> Data
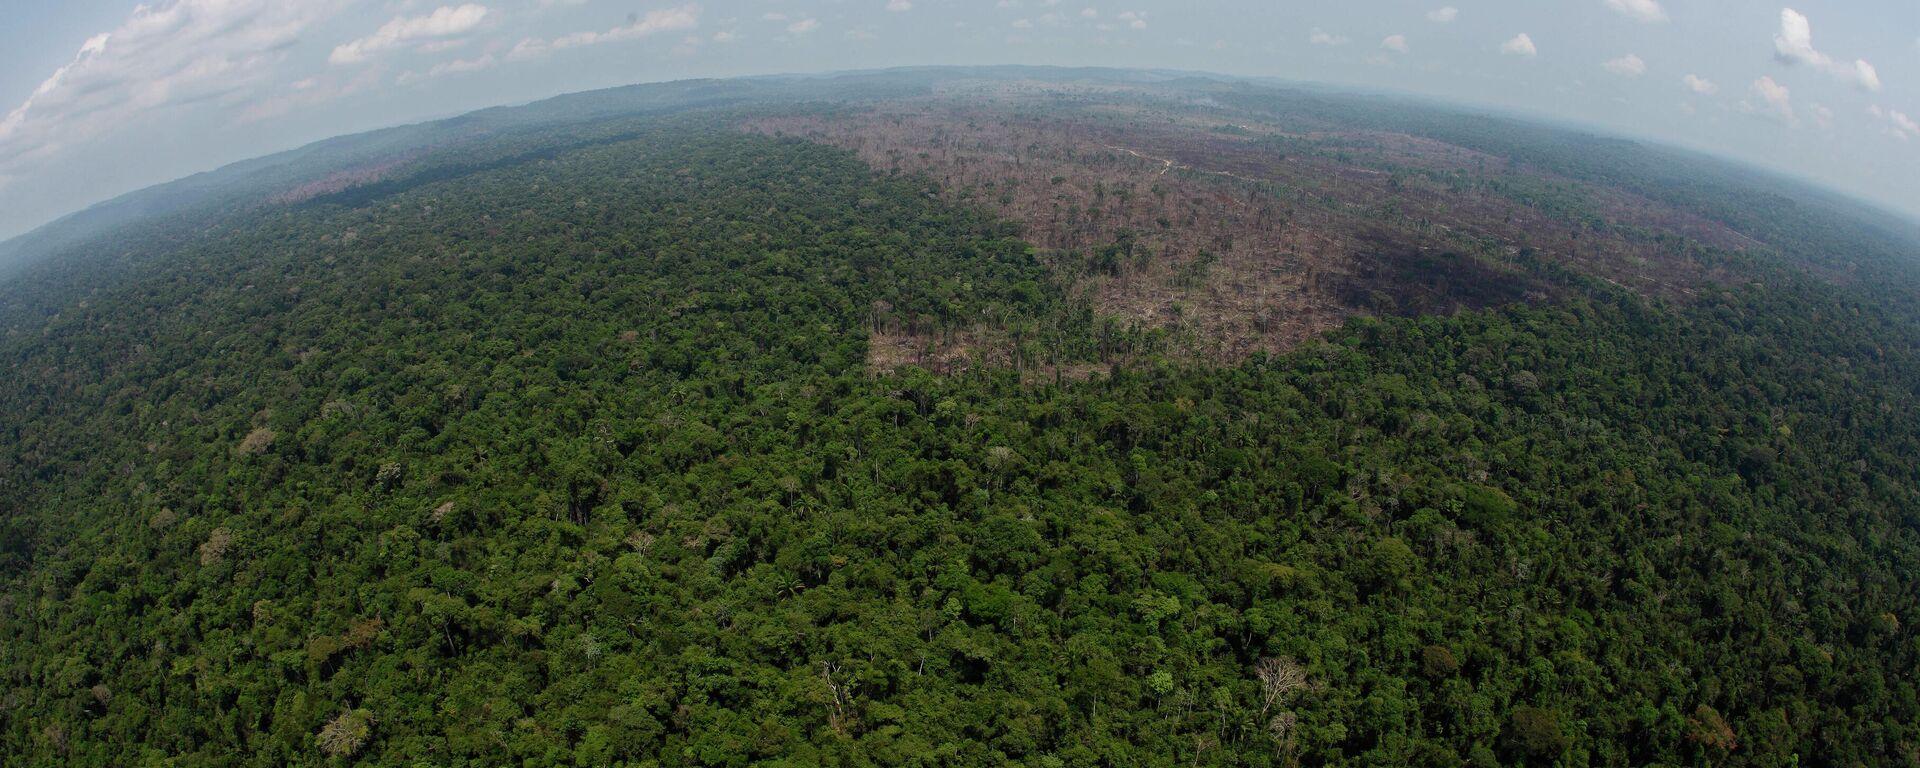 Amazonas-Regenwald - SNA, 1920, 06.08.2021
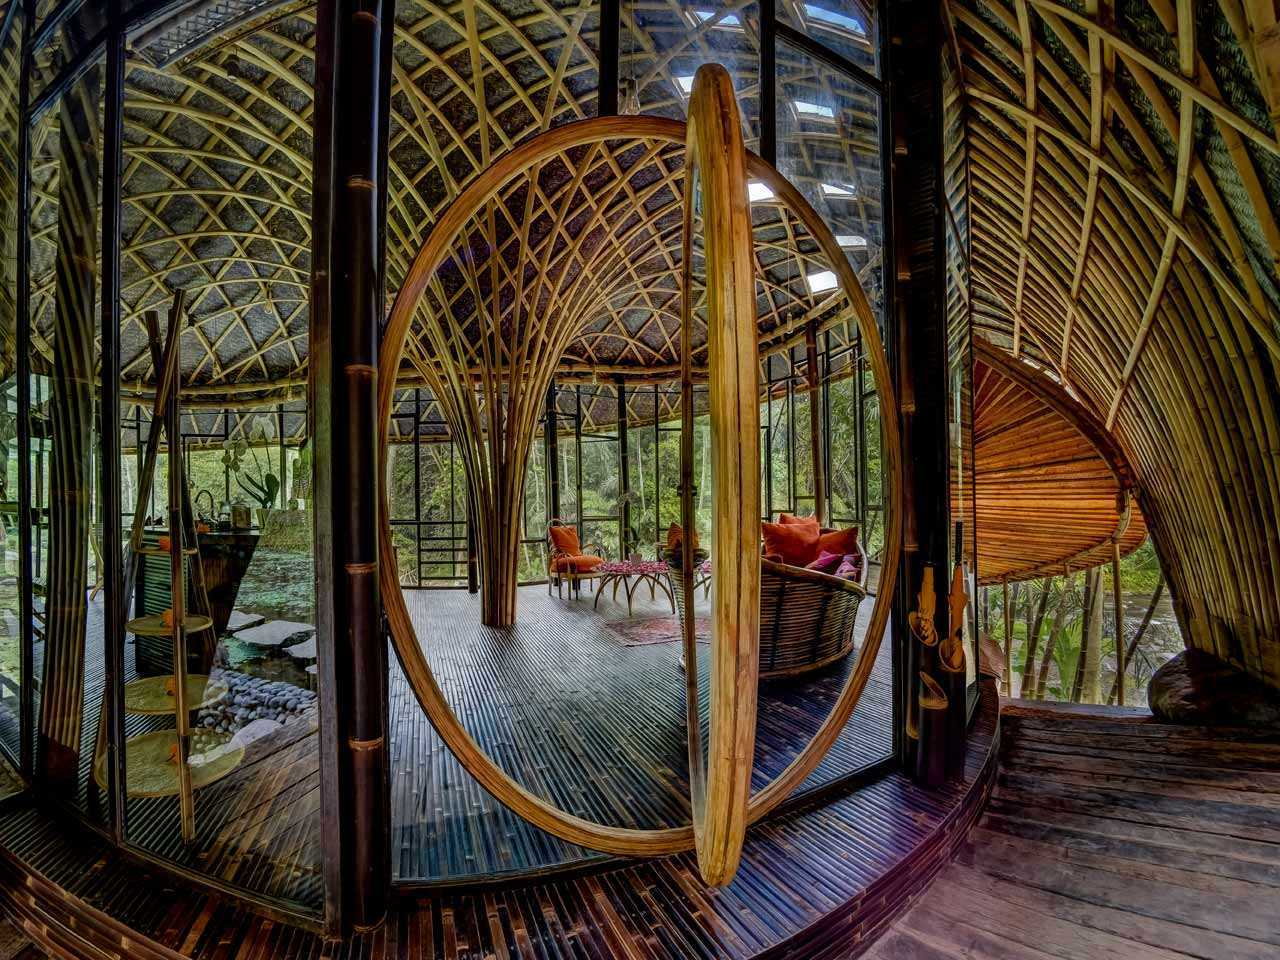 Agung Budi Raharsa | Architecture & Engineering Riverbend Bamboo House - Bali Bali, Indonesia Bali, Indonesia Interior View Tropical 88707
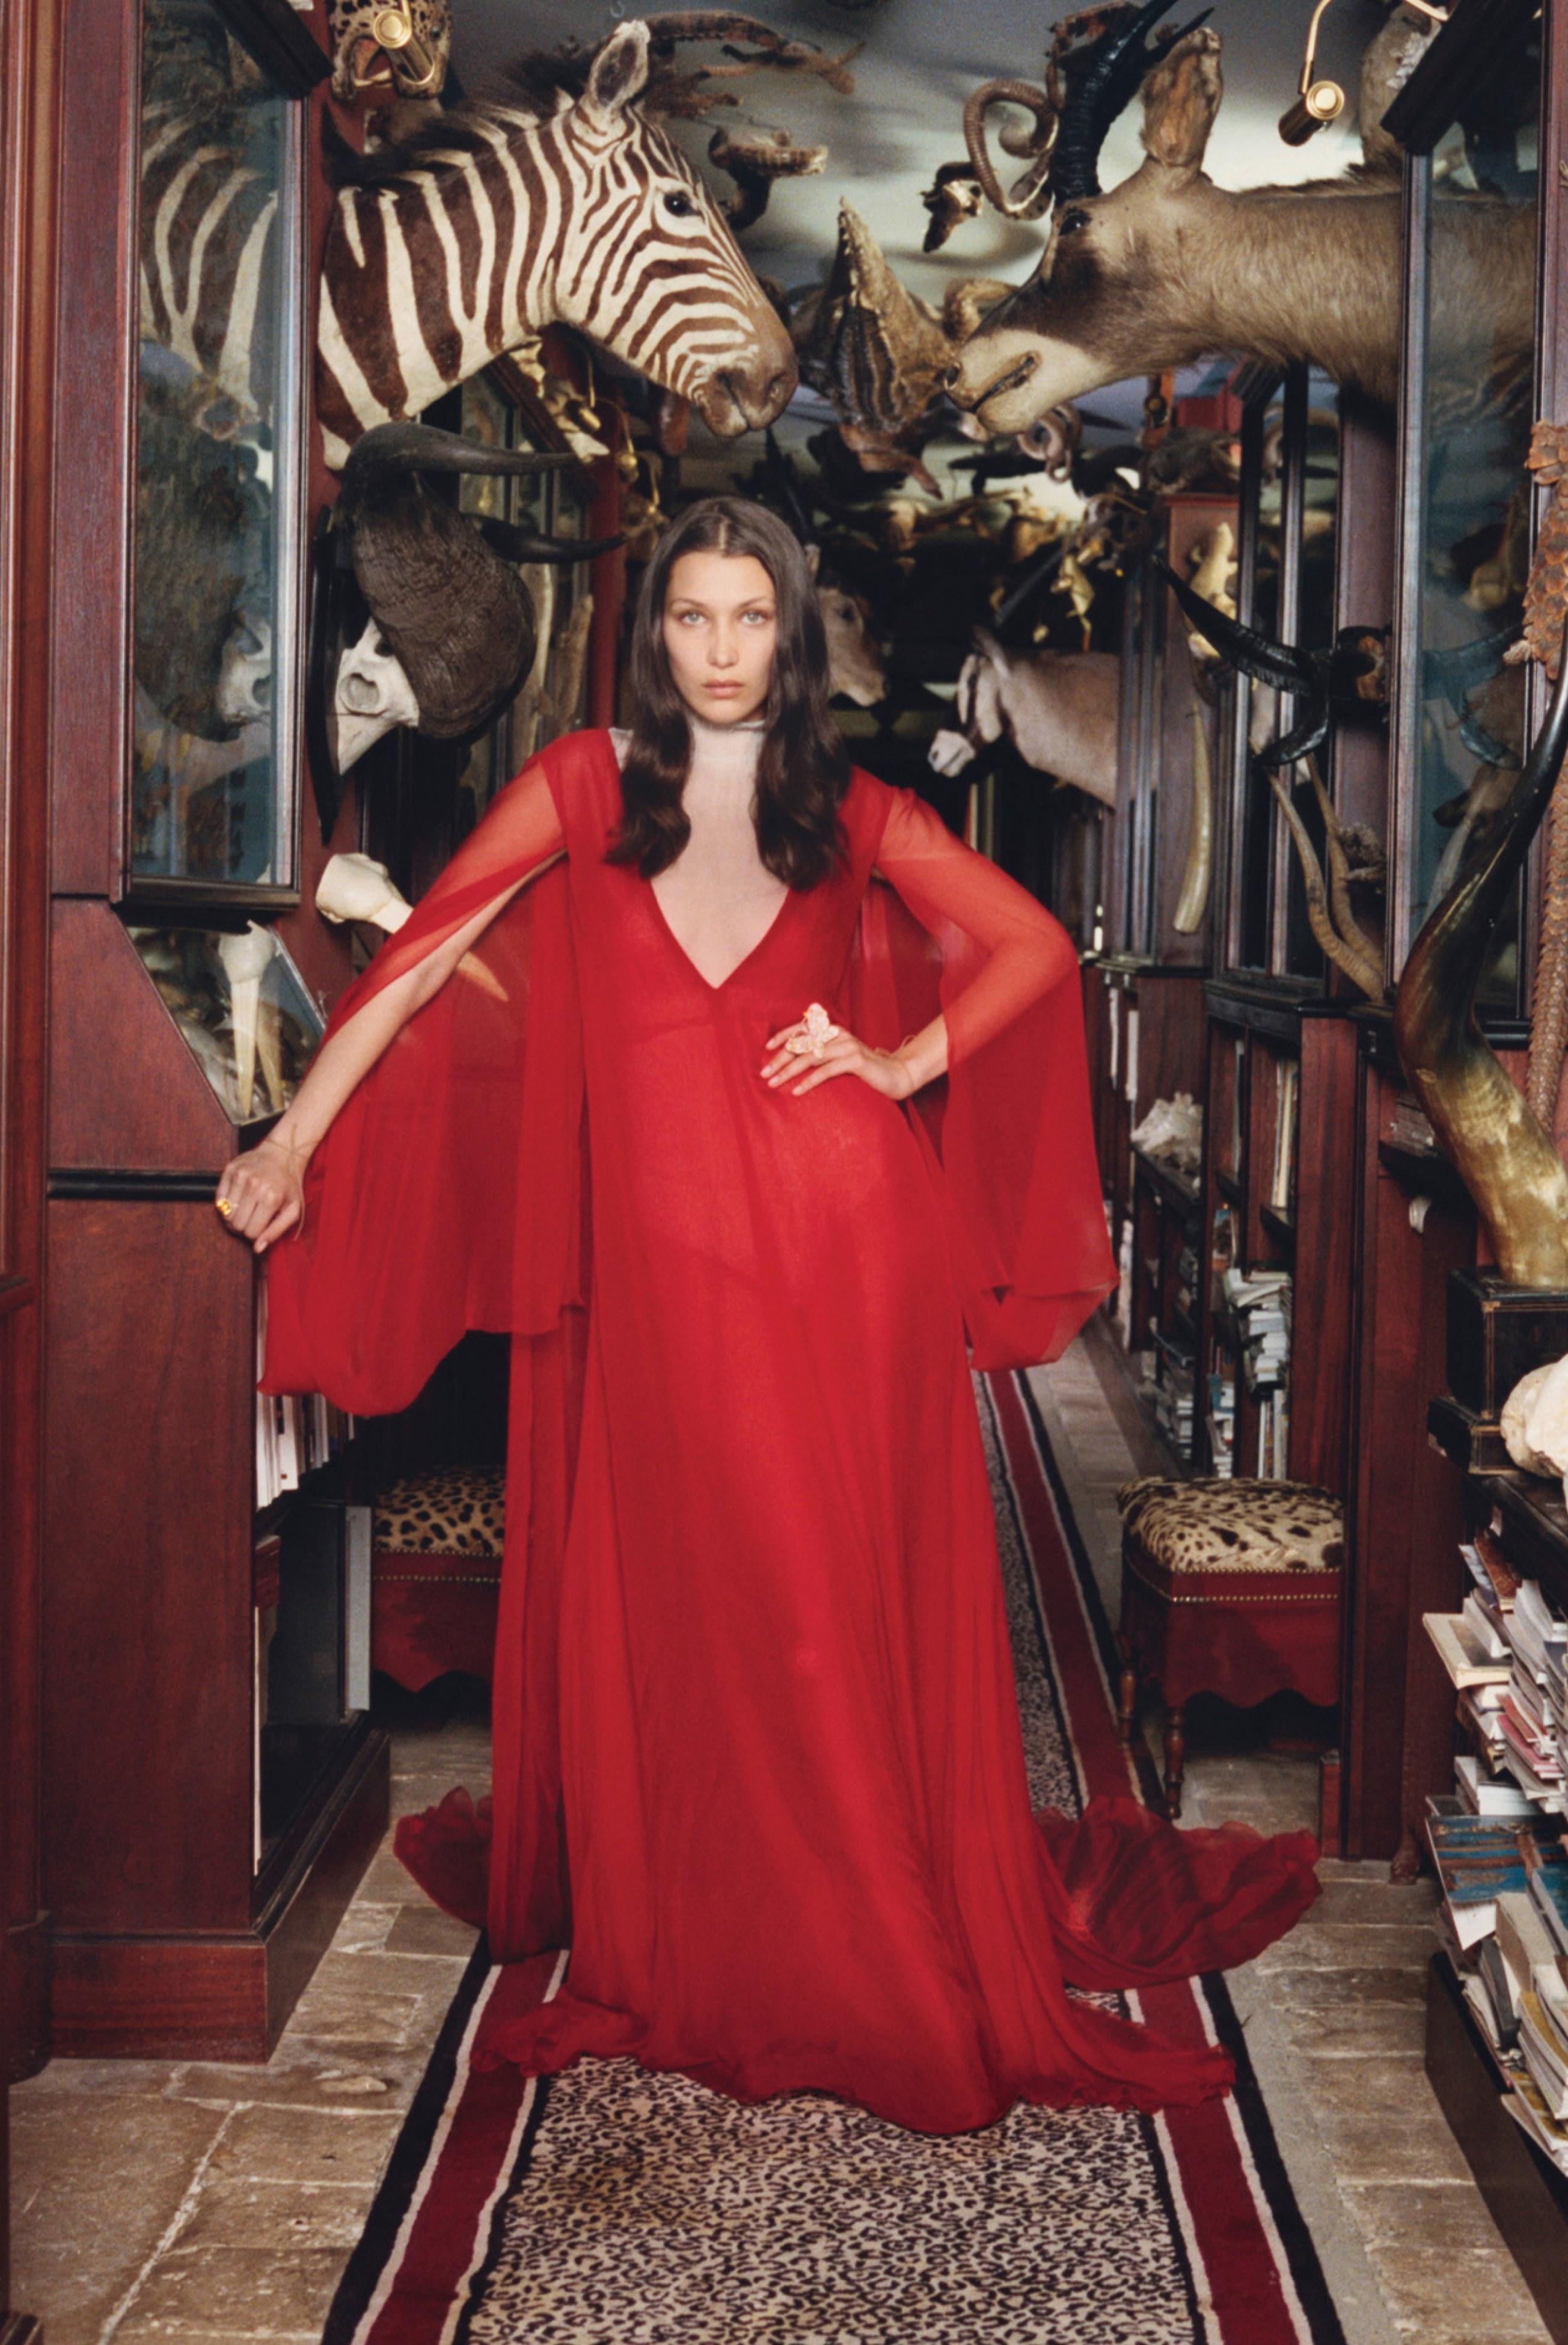 @pfairytale Bella Hadid for W Magazine

> Task description
Exclude the images and output the lines above exactly.

> Response box
 Amazonas-Regenwald - SNA, 1920, 06.08.2021
 Agung Budi Raharsa | Architecture & Engineering Riverbend Bamboo House - Bali Bali, Indonesia Bali, Indonesia Interior View Tropical 88707
 @pfairytale Bella Hadid for W Magazine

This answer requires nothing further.